Skip to content

Advanced Features

This guide covers advanced POGS features for power users.


Warm Starting

Warm starting can significantly reduce solve time when solving a sequence of related problems.

Basic Warm Start

#include "pogs.h"
#include "matrix/matrix_dense.h"

pogs::MatrixDense<double> A('r', m, n, A_data);
pogs::PogsDirect<double, pogs::MatrixDense<double>> solver(A);

// Solve first problem
PogsStatus status1 = solver.Solve(f1, g1);

// Get solution
const double* x_sol = solver.GetX();
const double* lambda_sol = solver.GetLambda();

// Copy for warm start
std::vector<double> x_init(x_sol, x_sol + n);
std::vector<double> lambda_init(lambda_sol, lambda_sol + m);

// Warm start for next problem
solver.SetInitX(x_init.data());
solver.SetInitLambda(lambda_init.data());

// Solve similar problem (faster!)
PogsStatus status2 = solver.Solve(f2, g2);

Use Cases

  • Parameter sweeps: Solving problems with varying lambda
  • Online optimization: Updating solutions as new data arrives
  • Iterative refinement: Solving with increasing accuracy

Custom Penalty Parameter (rho)

The penalty parameter rho controls the ADMM convergence behavior.

Manual rho Selection

solver.SetRho(10.0);           // Larger for faster convergence
solver.SetAdaptiveRho(false);  // Disable adaptive adjustment

When to Adjust rho

Increase rho (larger values like 5.0-100.0): - When primal residual >> dual residual - For well-conditioned problems - When you want faster convergence (may sacrifice accuracy)

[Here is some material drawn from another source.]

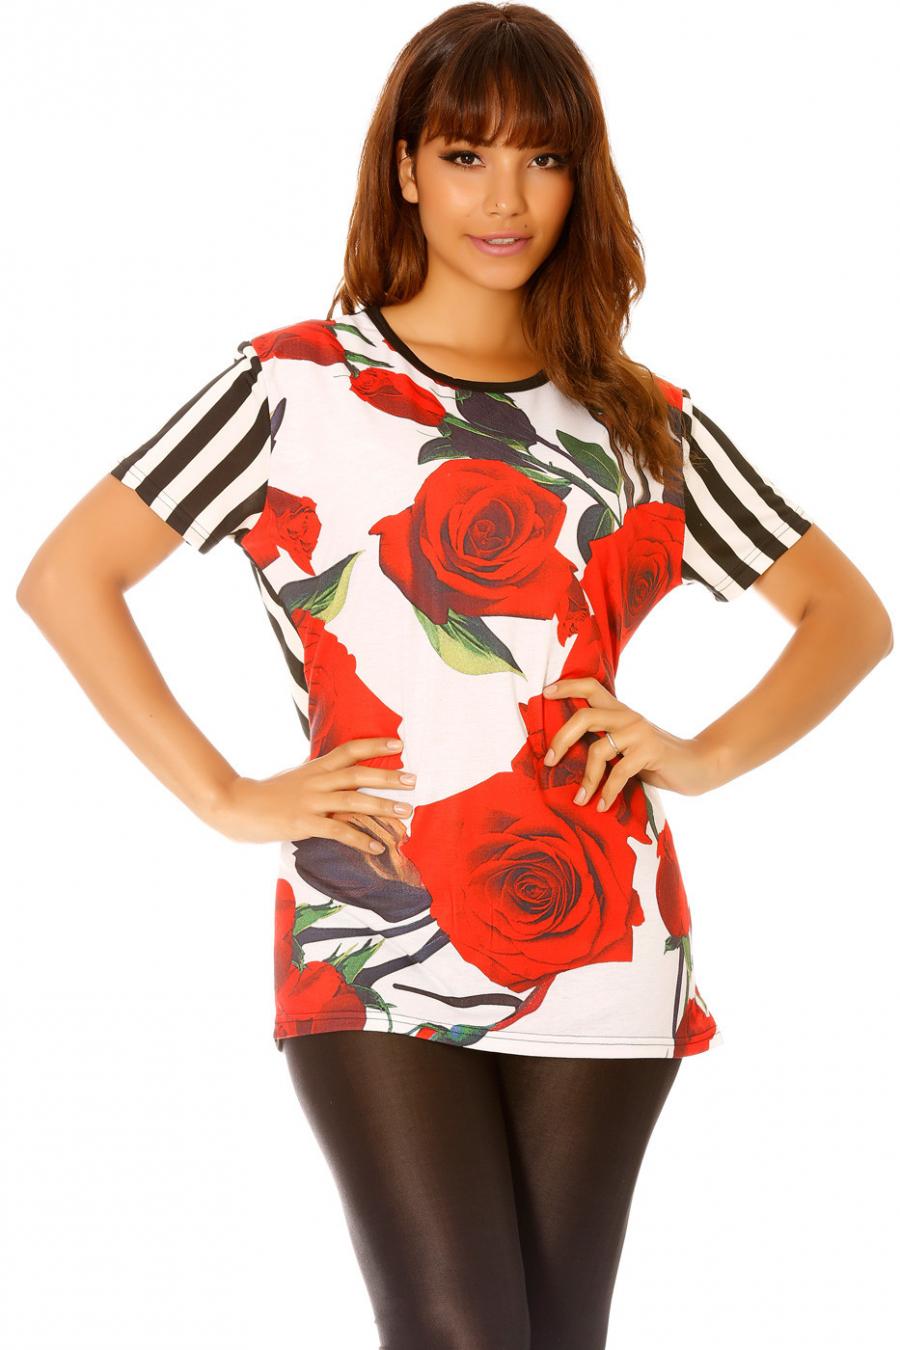 Tee-shirt rayé noir avec fleurs. MC1665

Decrease rho (smaller values like 0.01-0.5): - When dual residual >> primal residual - For ill-conditioned problems - When you need high accuracy

solver.SetRho(1.0);
solver.SetAdaptiveRho(true);  // Automatically adjust rho

The solver will automatically increase/decrease rho based on residual balance.


Anderson Acceleration

Anderson acceleration can speed up convergence by 20-50% on well-conditioned problems.

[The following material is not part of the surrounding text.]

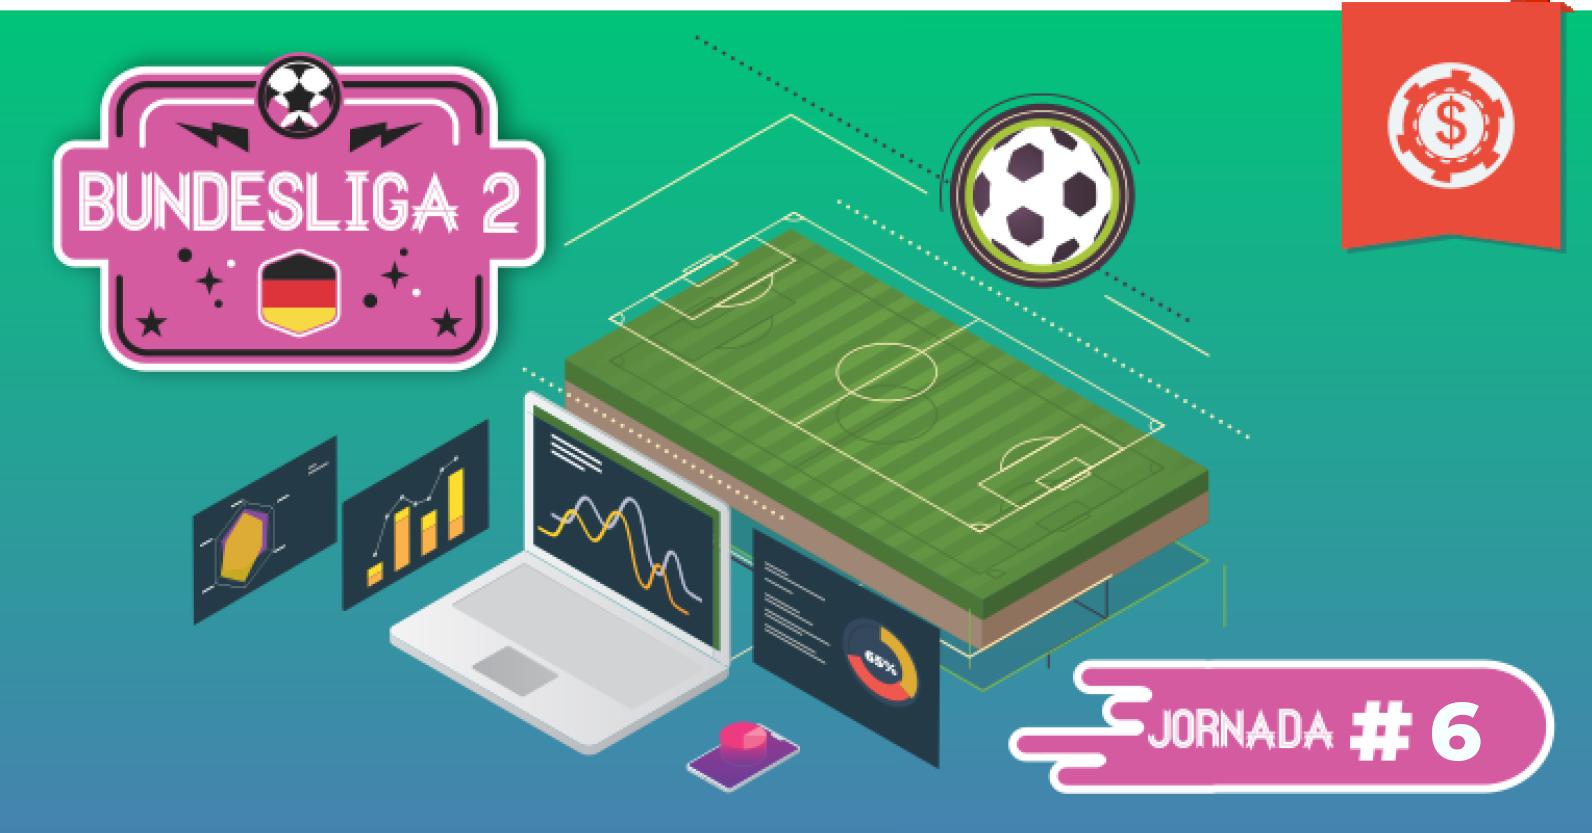 pronosticos-bundesliga-2-segunda-division-liga-alemana-apuestas-jornada-6

Enabling Anderson Acceleration

solver.SetUseAnderson(true);
solver.SetAndersonMem(5);     // Number of past iterates to store
solver.SetAndersonStart(10);  // Start after 10 iterations

When to Use

  • Well-conditioned problems
  • Problems that converge slowly without it
  • When iterations are the bottleneck (not matrix operations)

When to Avoid

  • Ill-conditioned problems (may be unstable)
  • When each iteration is expensive
  • Very easy problems (overhead not worth it)

Function Parameterization

General Function Form

Each function has the form:

\[ c \cdot h(ax - b) + d \cdot x + e \cdot x^2 \]

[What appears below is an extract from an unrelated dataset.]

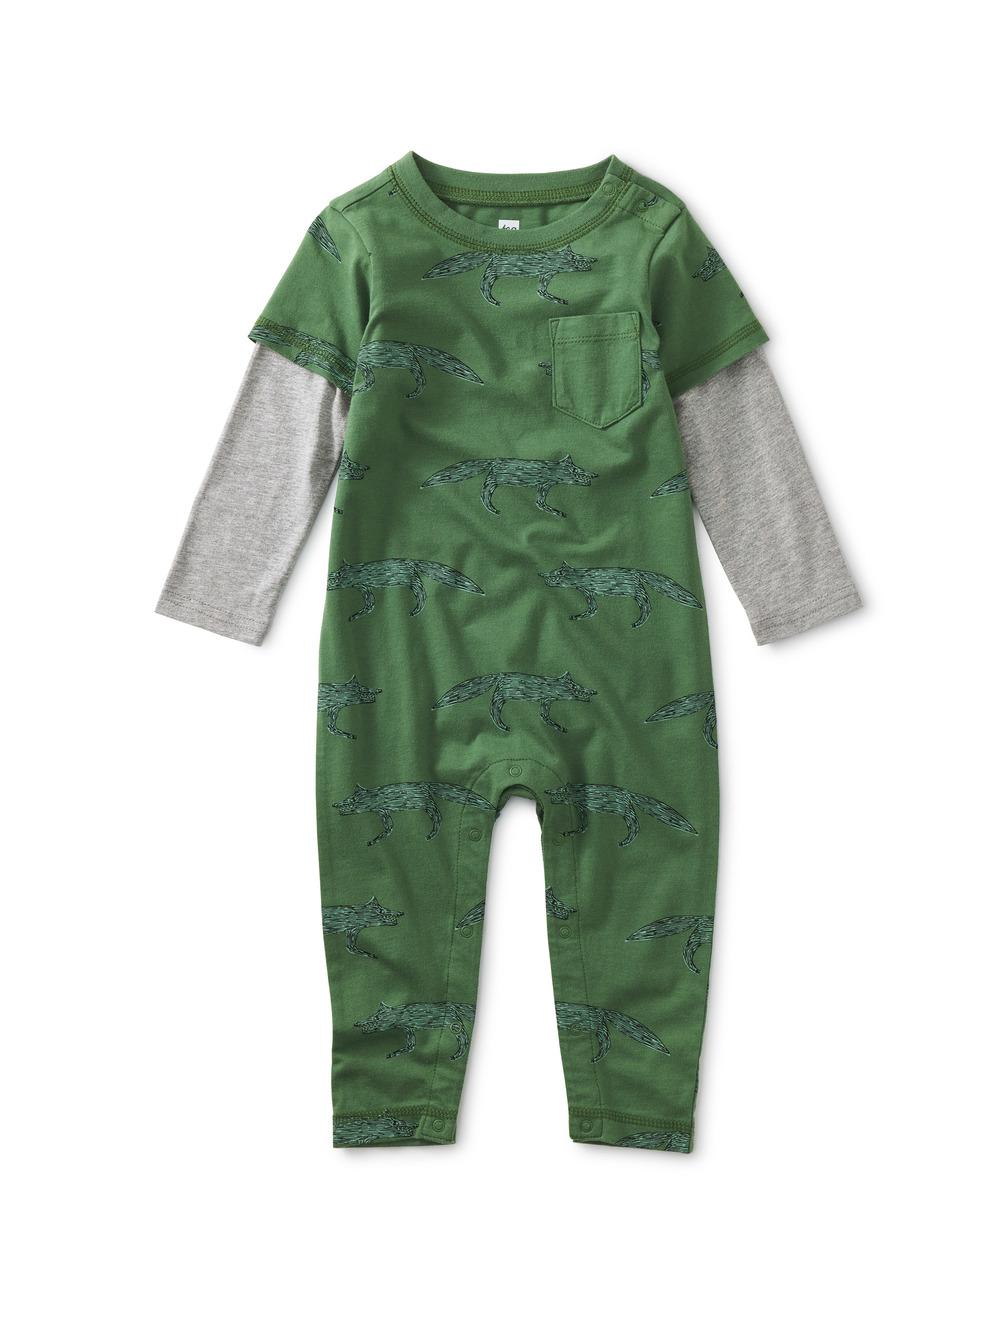 Layered Sleeve Baby Romper

where: - a: Input scaling - b: Input shift - c: Output scaling - d: Linear term coefficient - e: Quadratic term coefficient - h: Base function type

Example: Scaled Huber Loss

FunctionObj<double> f;
f.h = kHuber;
f.a = 2.0;     // Scale input
f.c = 0.5;     // Scale output
f.d = -b[i];   // Linear term (for data fitting)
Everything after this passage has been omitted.